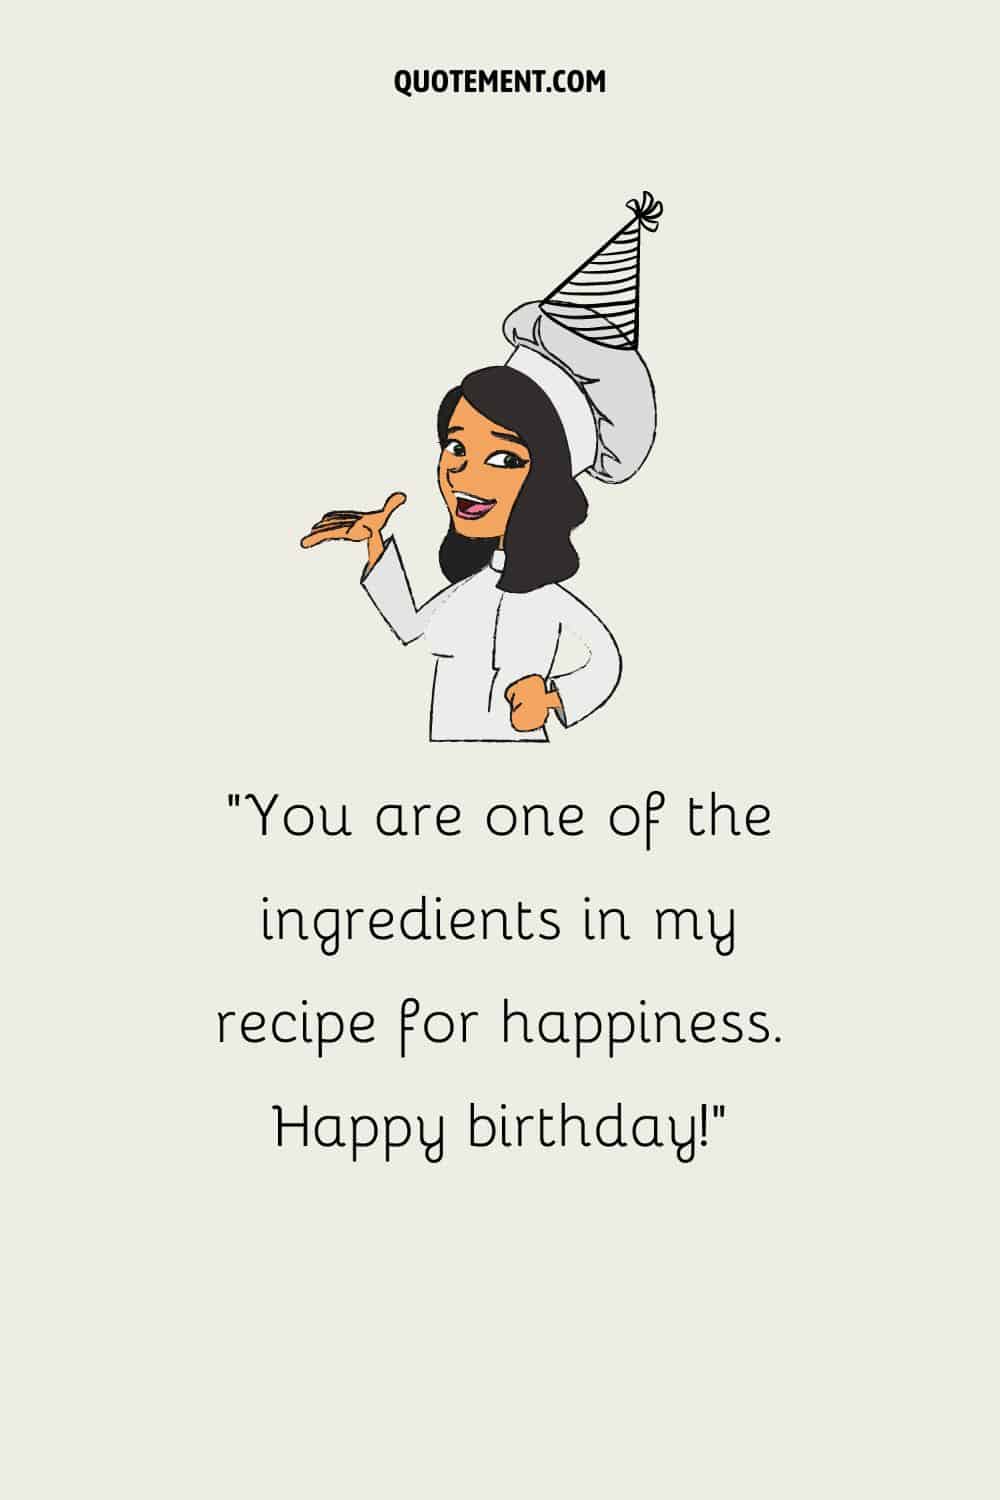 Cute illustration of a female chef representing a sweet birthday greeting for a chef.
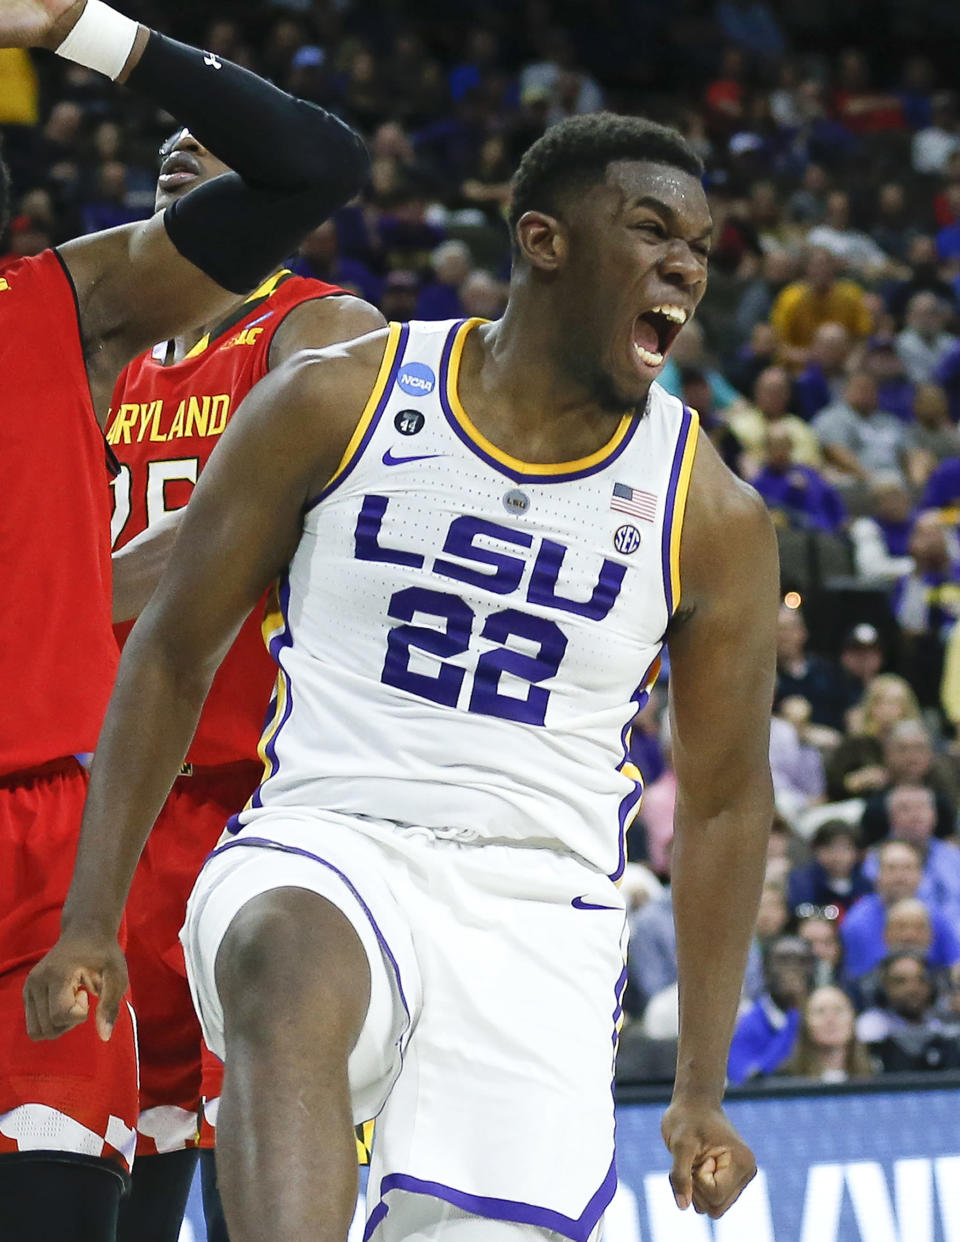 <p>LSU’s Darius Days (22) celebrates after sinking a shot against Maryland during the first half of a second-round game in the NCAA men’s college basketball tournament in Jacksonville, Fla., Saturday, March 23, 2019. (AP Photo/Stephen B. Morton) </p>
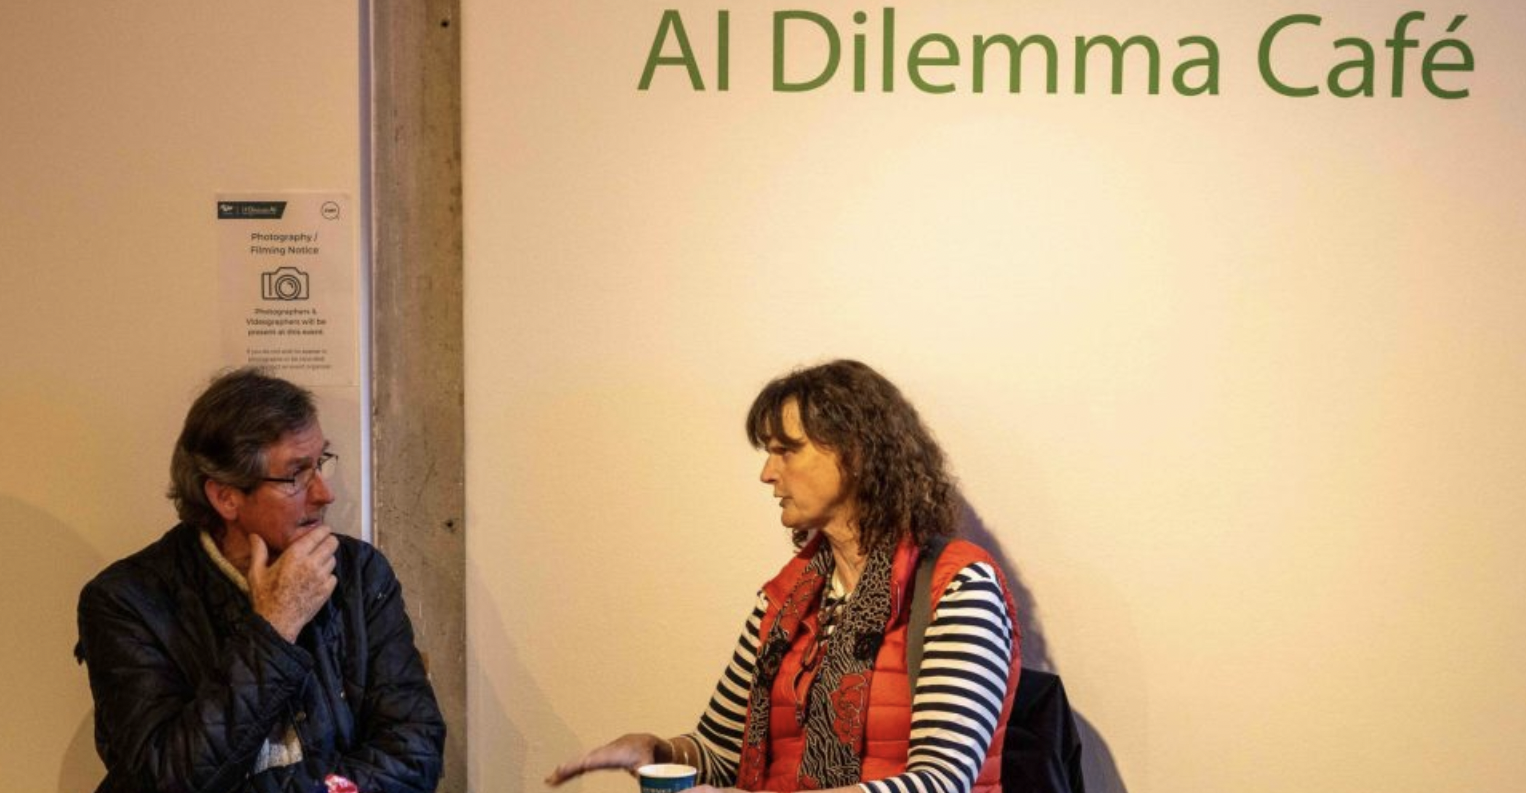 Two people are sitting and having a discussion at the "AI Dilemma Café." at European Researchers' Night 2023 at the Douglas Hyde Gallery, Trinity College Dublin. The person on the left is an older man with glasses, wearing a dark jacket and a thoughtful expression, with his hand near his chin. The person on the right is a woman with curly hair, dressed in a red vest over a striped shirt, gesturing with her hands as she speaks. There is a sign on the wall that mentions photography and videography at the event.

...

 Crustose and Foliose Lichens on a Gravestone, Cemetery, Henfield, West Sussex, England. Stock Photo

◆ What to work on:
Return exactly the lines above, from the one with "<p>LSU’s Darius Days" up to and including the one with "Two people are", and include no pictures.

◆ Answer section:
 <p>LSU’s Darius Days (22) celebrates after sinking a shot against Maryland during the first half of a second-round game in the NCAA men’s college basketball tournament in Jacksonville, Fla., Saturday, March 23, 2019. (AP Photo/Stephen B. Morton) </p>
 Two people are sitting and having a discussion at the "AI Dilemma Café." at European Researchers' Night 2023 at the Douglas Hyde Gallery, Trinity College Dublin. The person on the left is an older man with glasses, wearing a dark jacket and a thoughtful expression, with his hand near his chin. The person on the right is a woman with curly hair, dressed in a red vest over a striped shirt, gesturing with her hands as she speaks. There is a sign on the wall that mentions photography and videography at the event.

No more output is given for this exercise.